━━━ Data shown

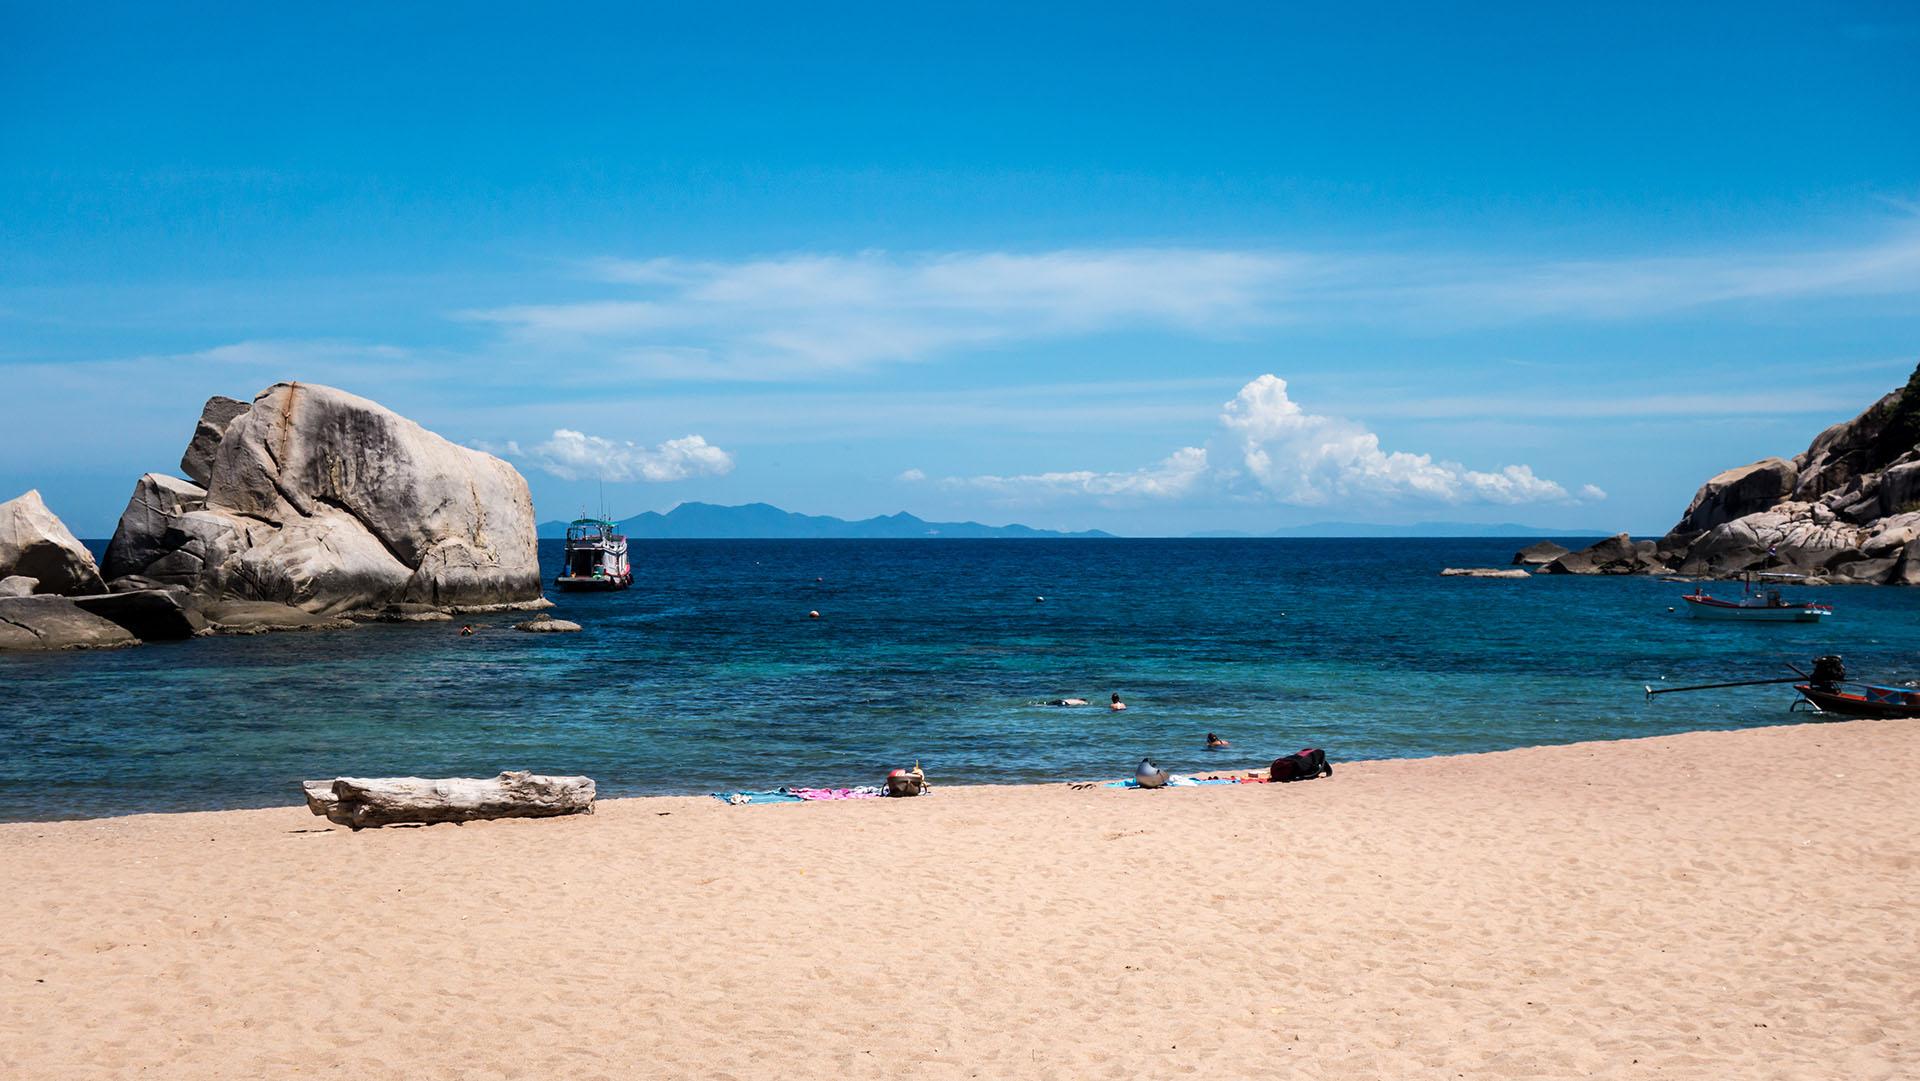 Esta tranquila isla en el Golfo de Tailandia tiene muchas bahías protegidas, pero la bahía de Tanot es la más famosa por sus aguas de temperatura cálida y el color azul que permite practicar deportes acuáticos como búceo y snorkel
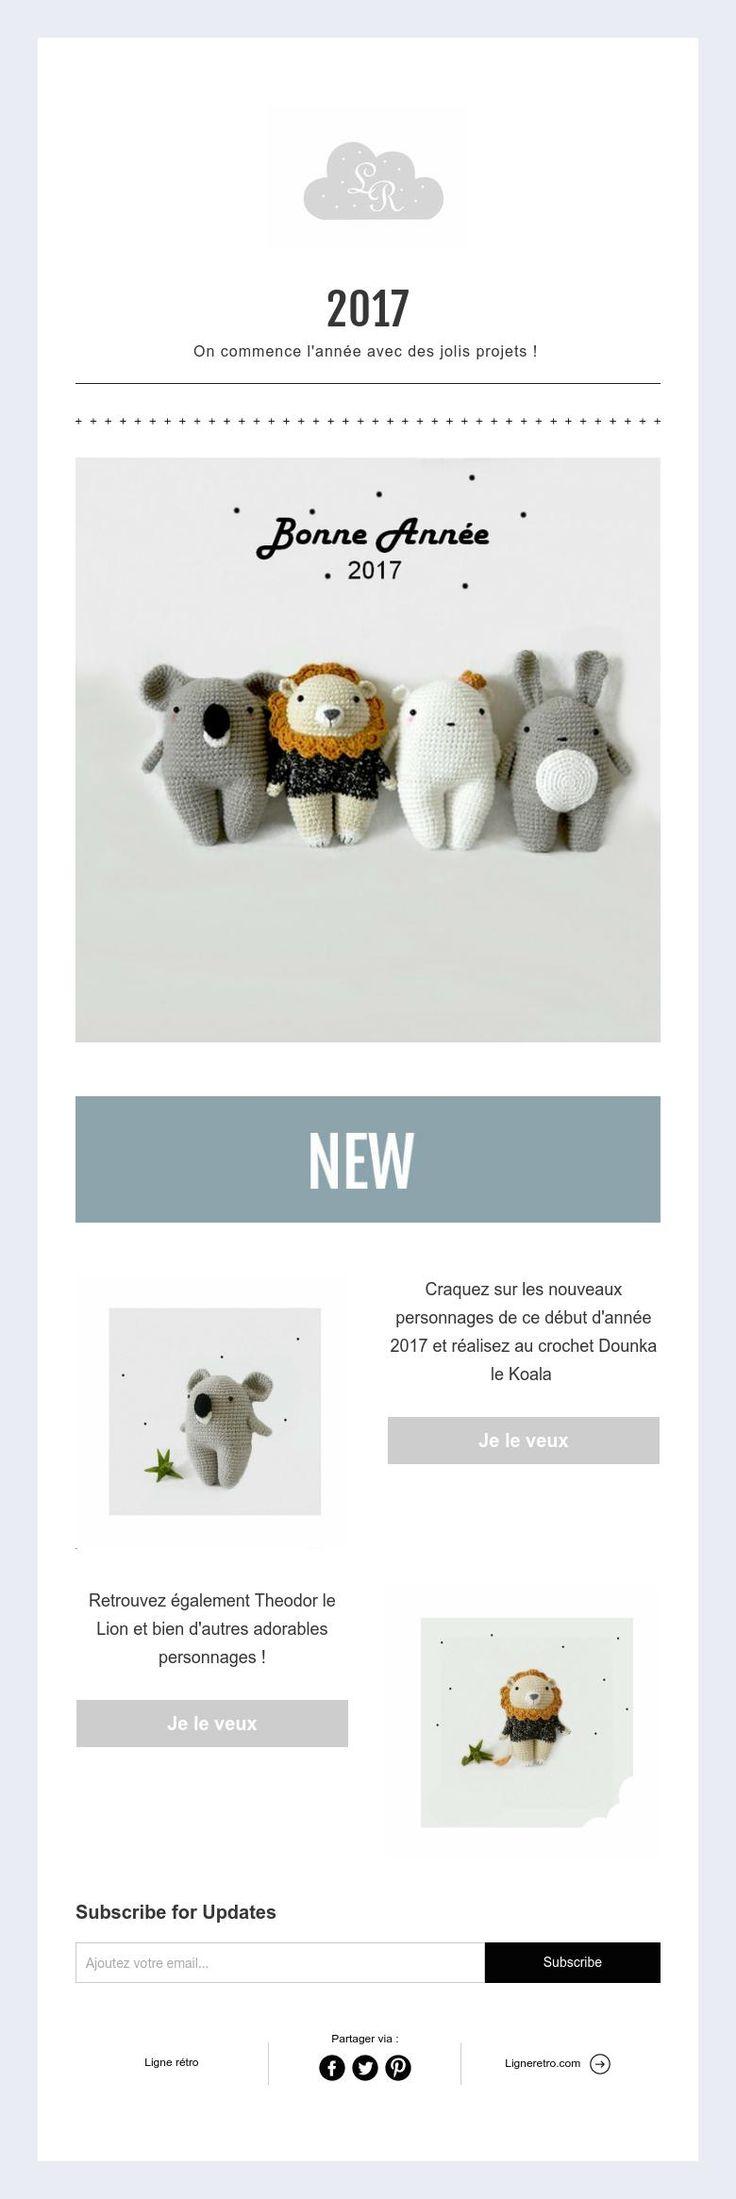 Amigurumi Websites : 190 best images about Doudous crochet on Pinterest ...
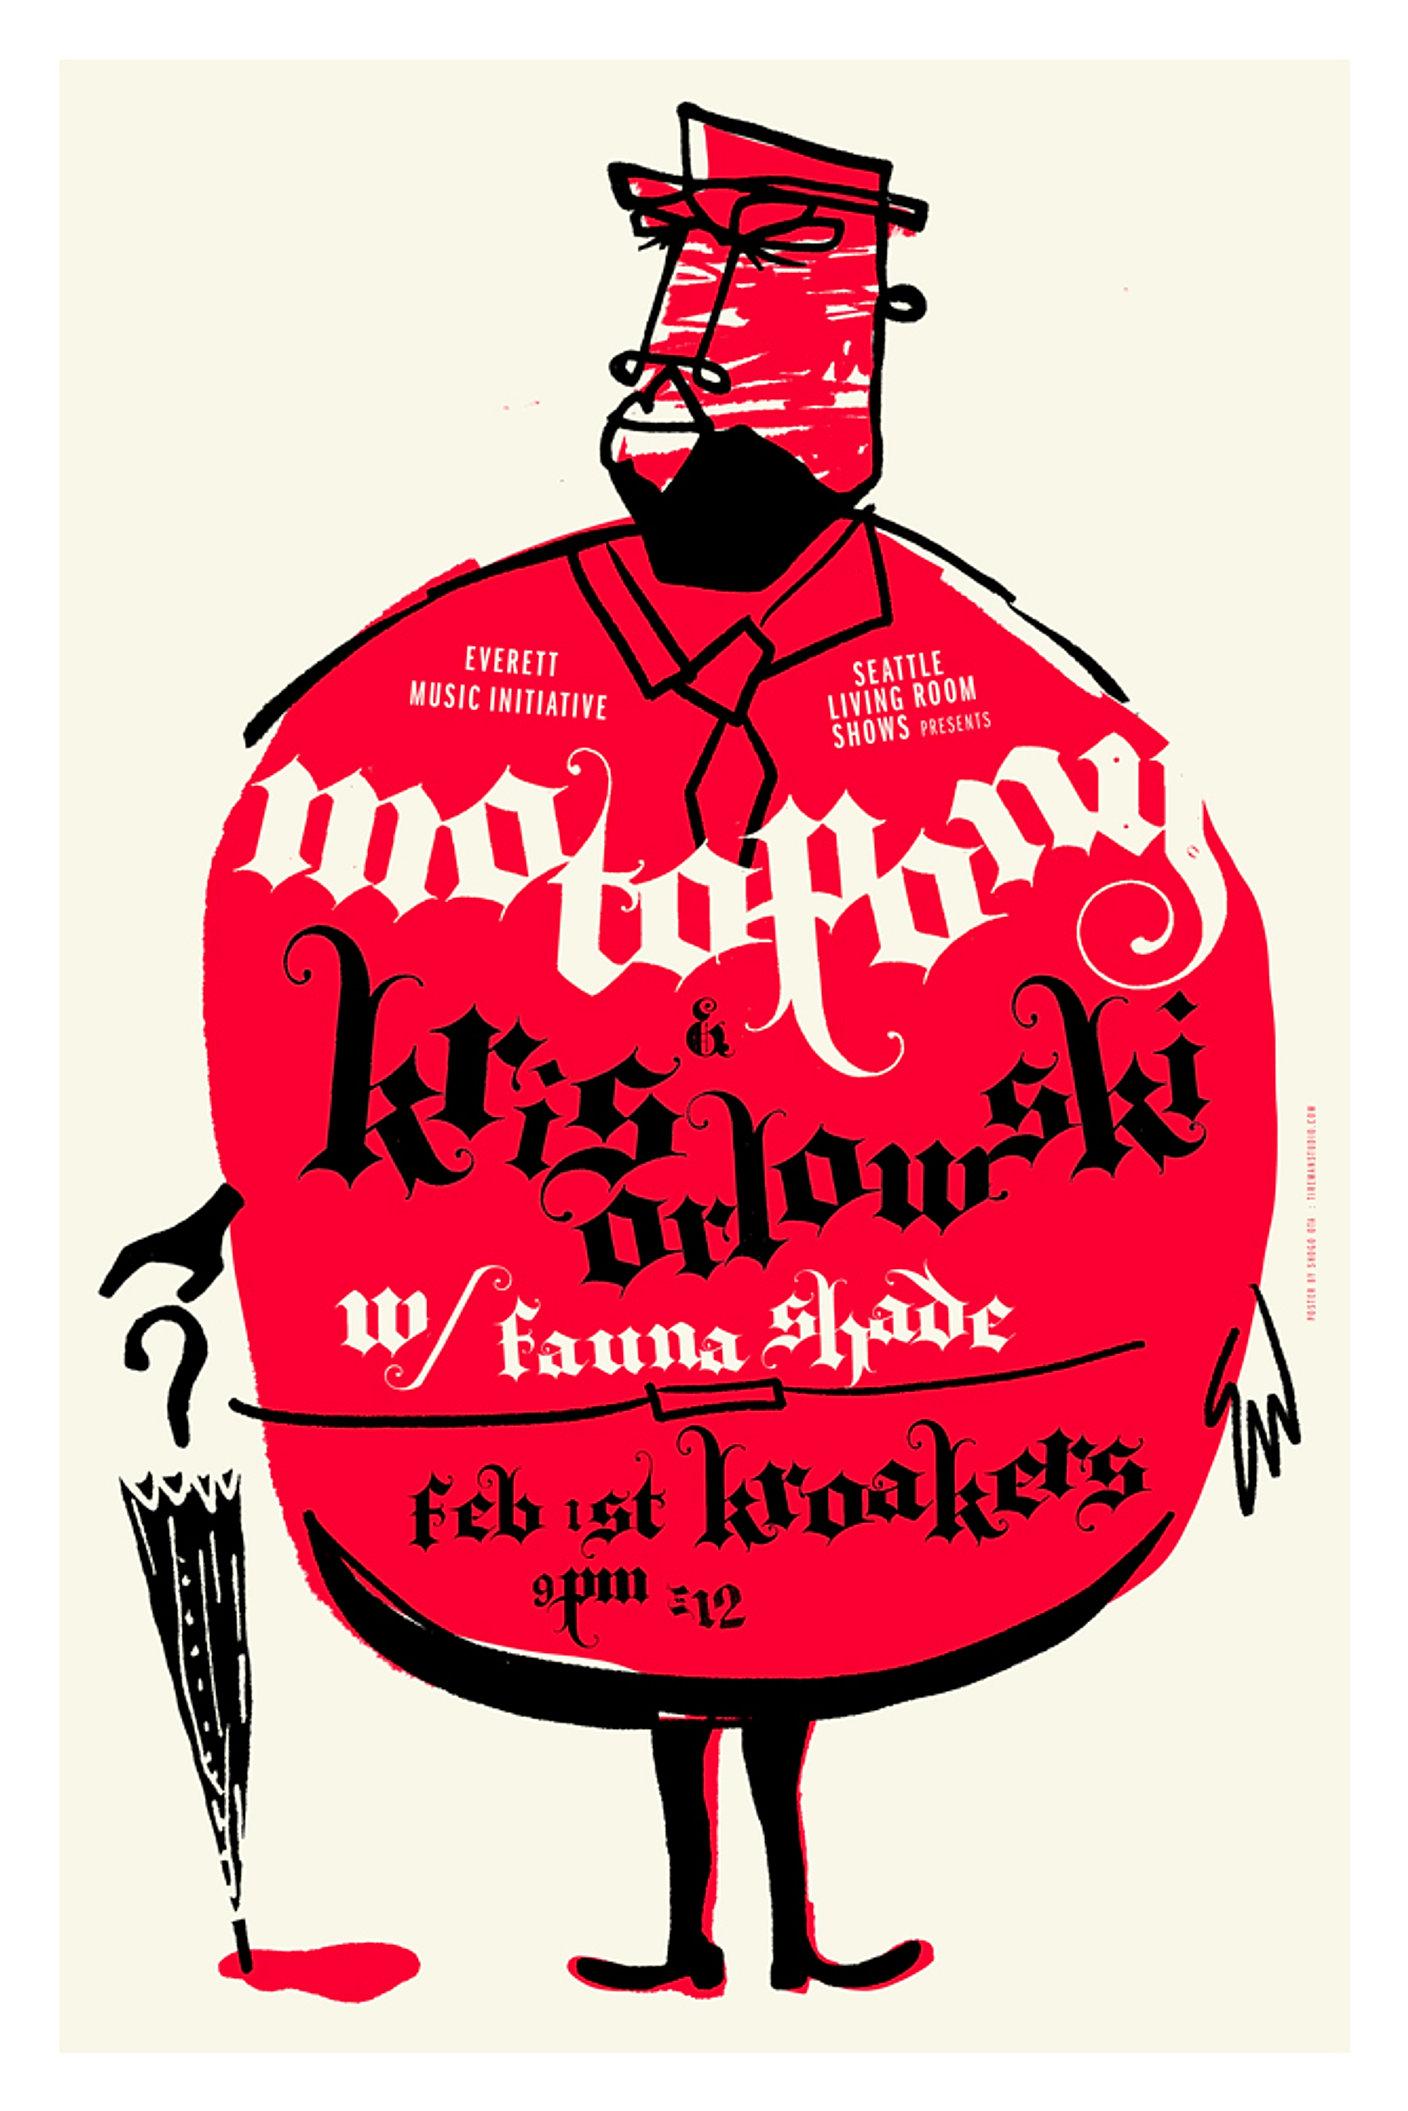 Motopony & Kris Orlowski

━━━━━━

# [Action item]
With the pictures set aside, copy each line above as written.

# [Problem solution]
 Esta tranquila isla en el Golfo de Tailandia tiene muchas bahías protegidas, pero la bahía de Tanot es la más famosa por sus aguas de temperatura cálida y el color azul que permite practicar deportes acuáticos como búceo y snorkel
 Amigurumi Websites : 190 best images about Doudous crochet on Pinterest ...
 Motopony & Kris Orlowski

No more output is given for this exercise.